* [Task]:
All of the data below is to be repeated exactly, except for the pictures.

Start of Supplied information

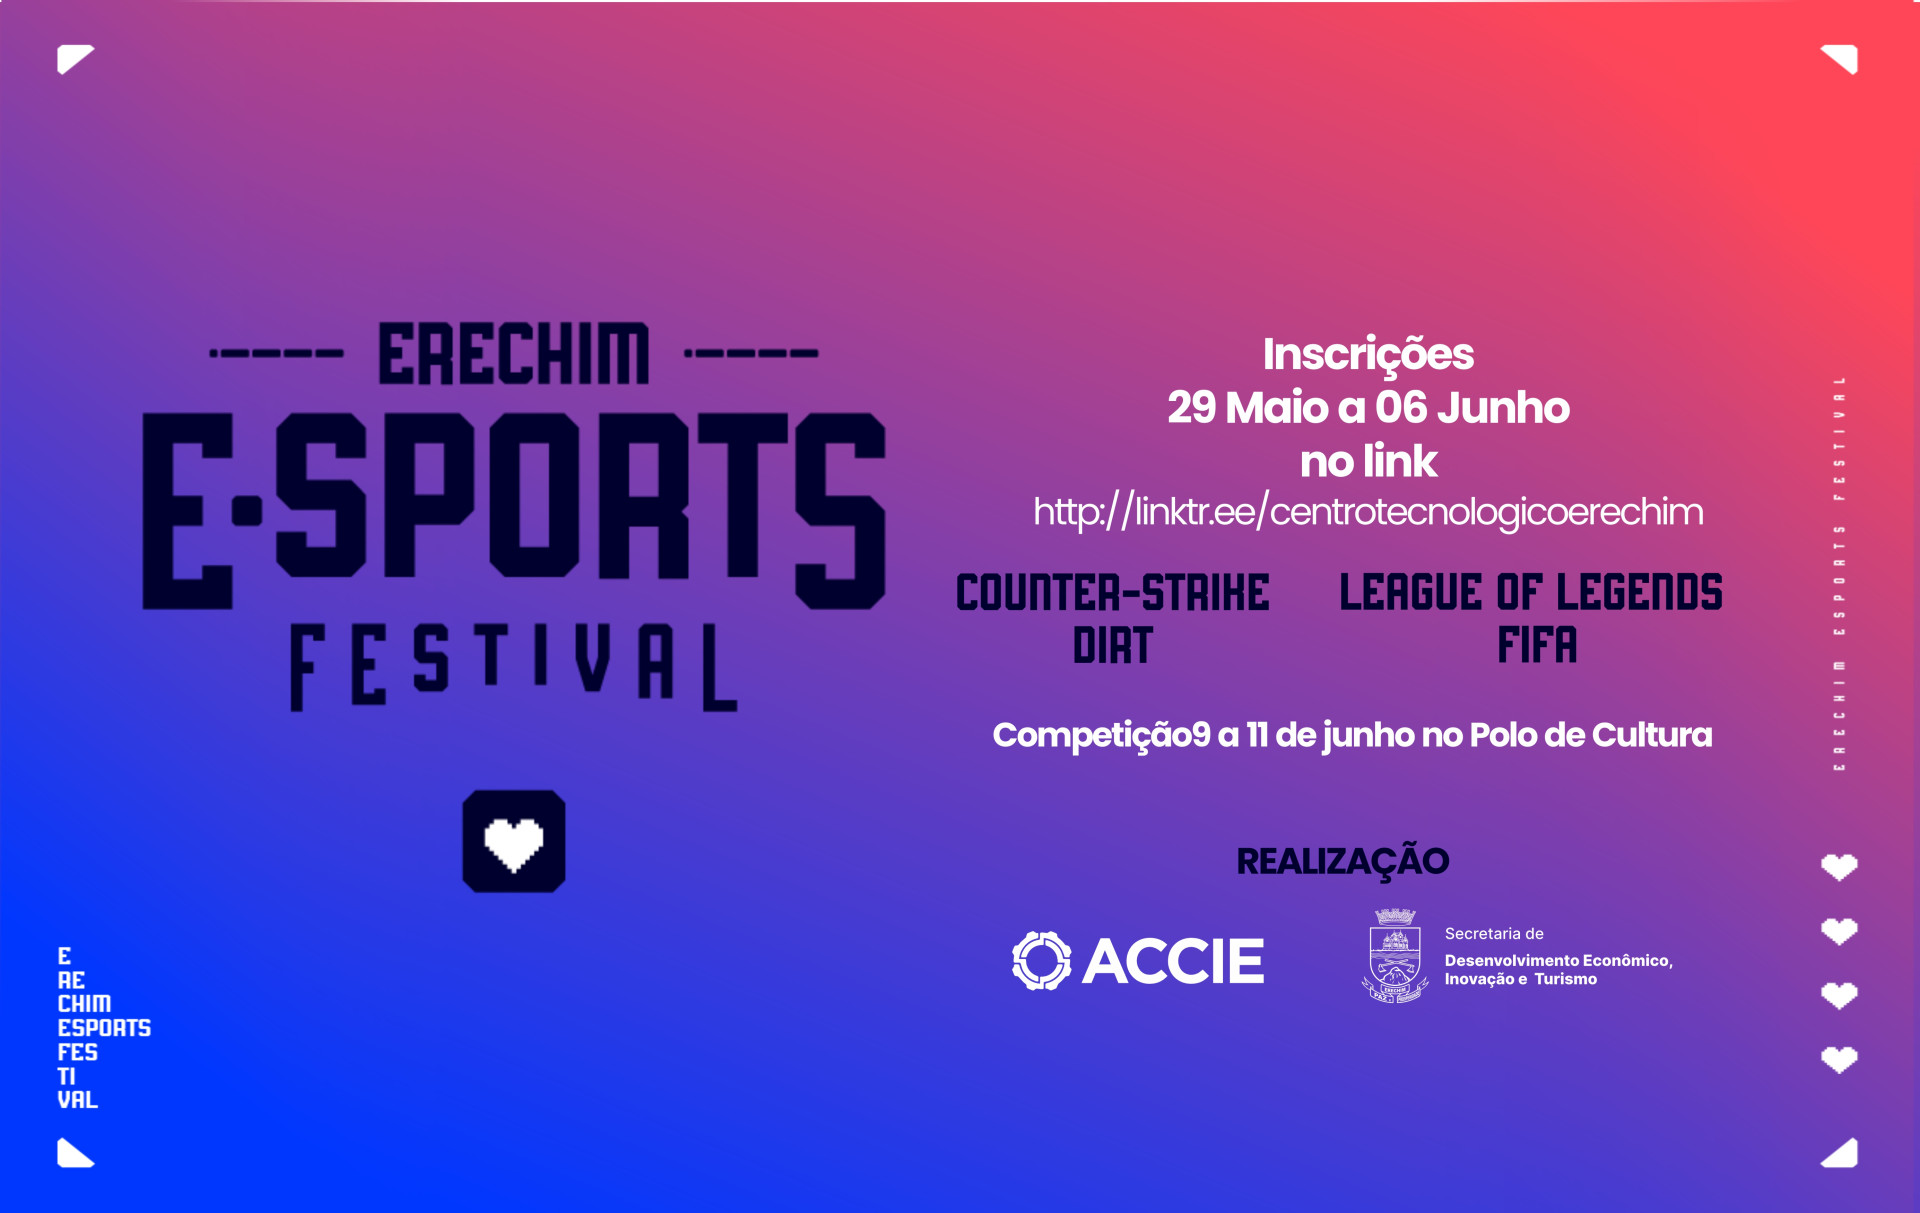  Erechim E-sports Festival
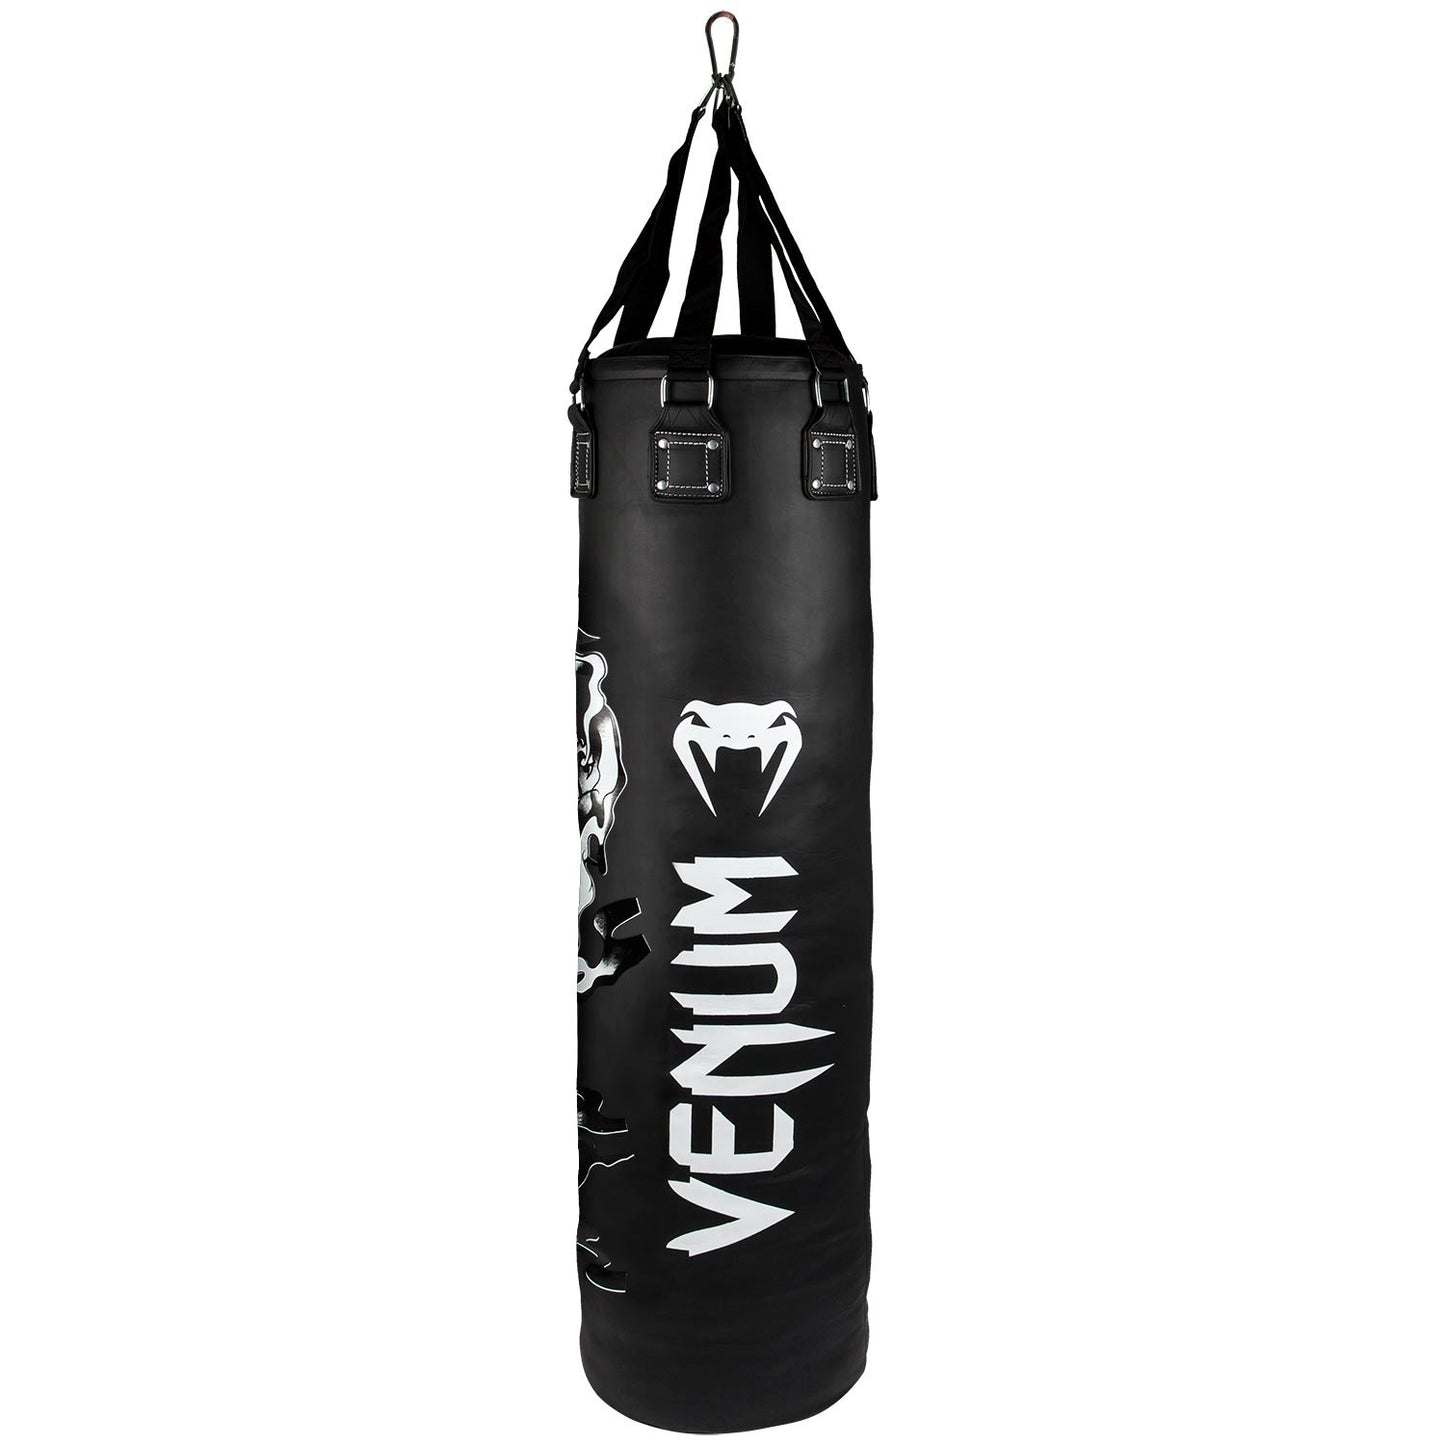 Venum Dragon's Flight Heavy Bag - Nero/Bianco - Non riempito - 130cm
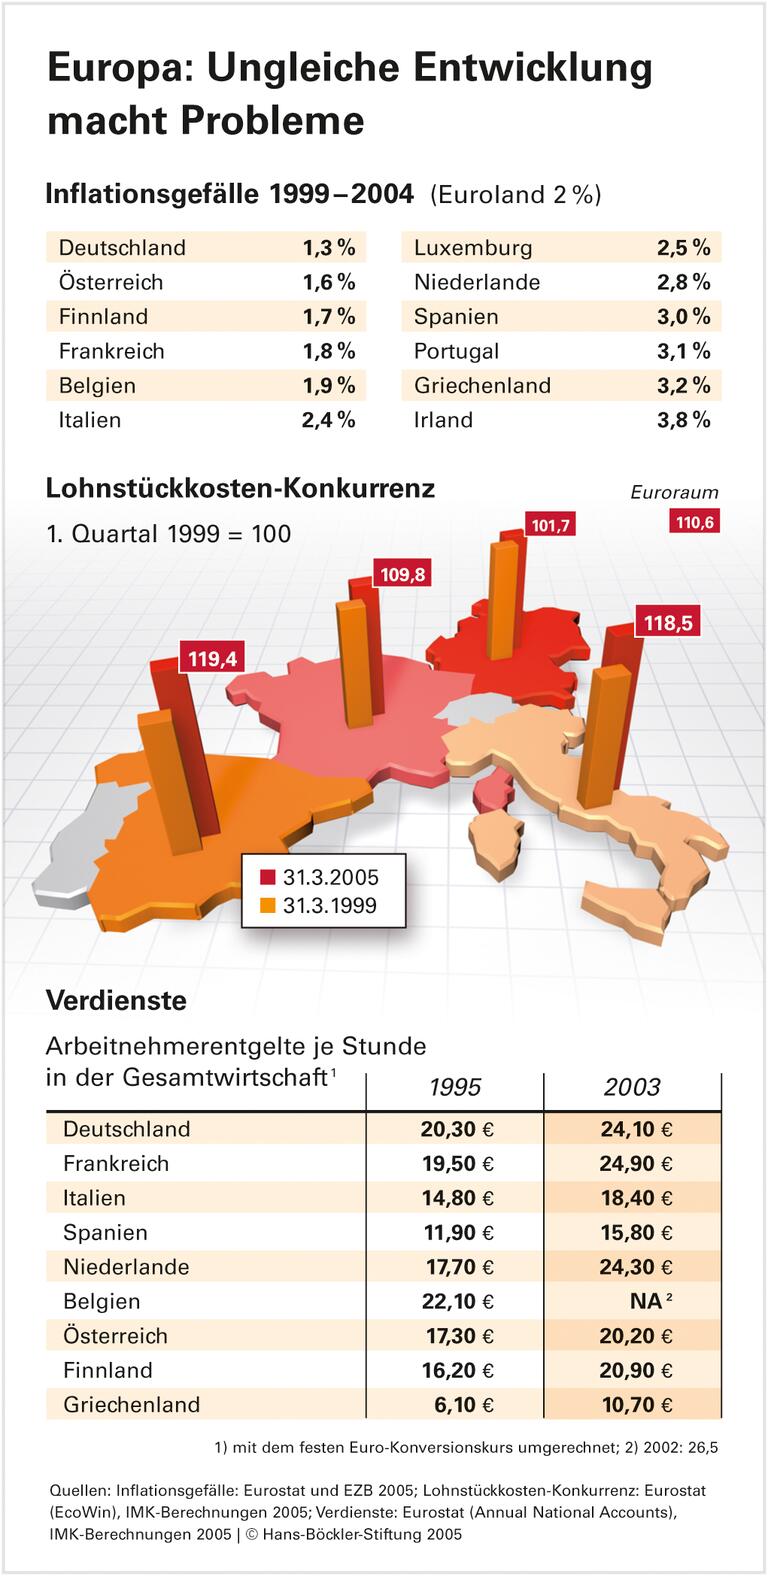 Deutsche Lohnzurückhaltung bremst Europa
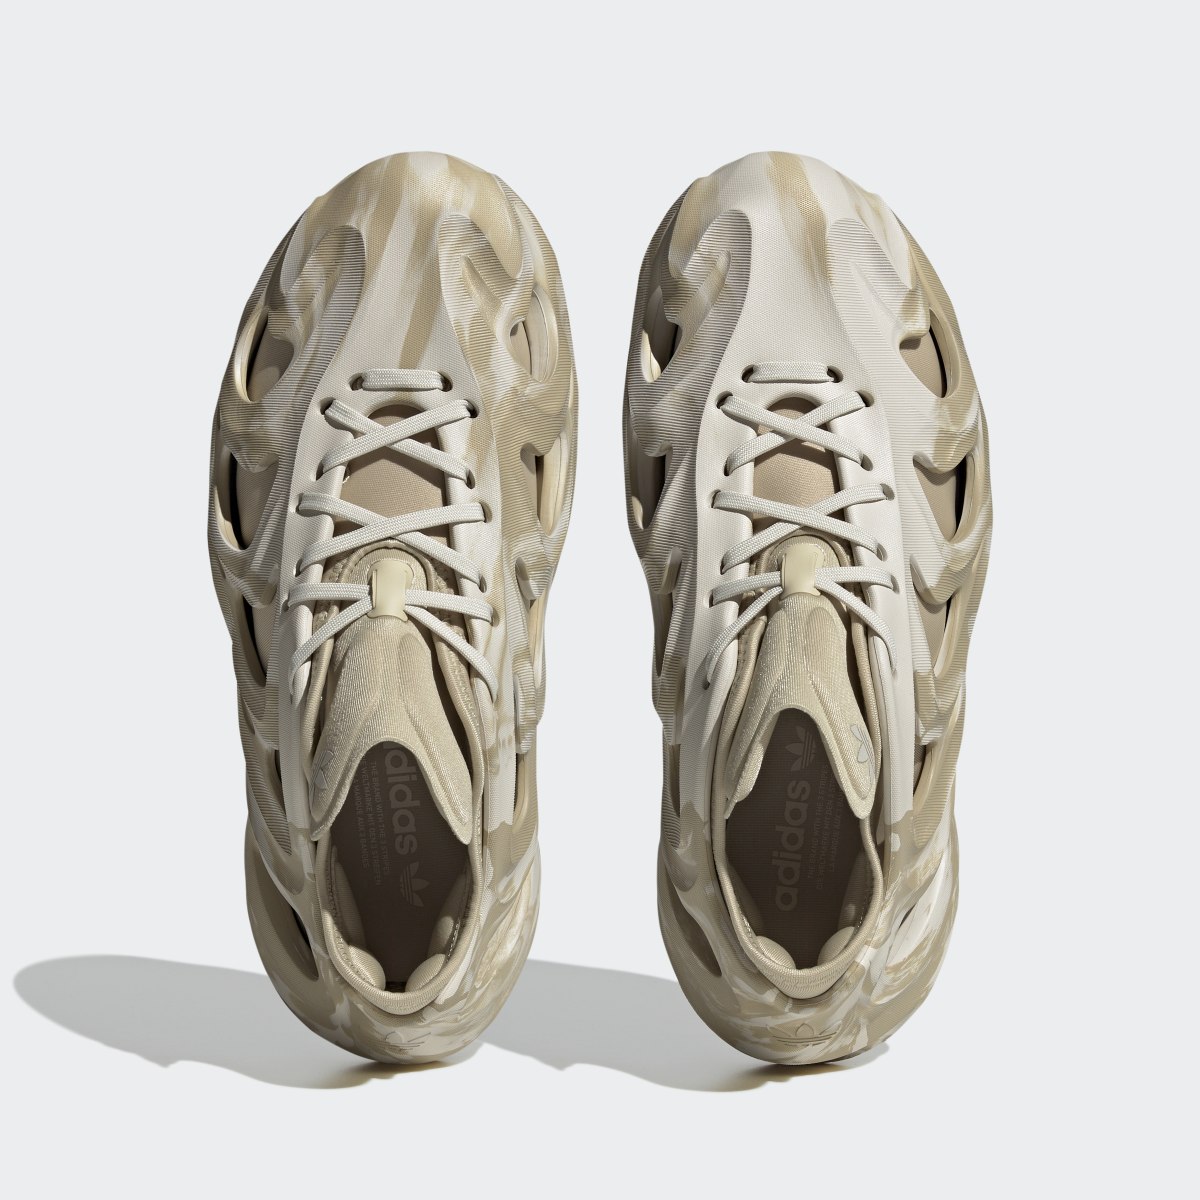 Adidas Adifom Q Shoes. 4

End of Supplied information

* [Completed task]:
  Erechim E-sports Festival
 Venum Dragon's Flight Heavy Bag - Nero/Bianco - Non riempito - 130cm
 Deutsche Lohnzurückhaltung bremst Europa
 Adidas Adifom Q Shoes. 4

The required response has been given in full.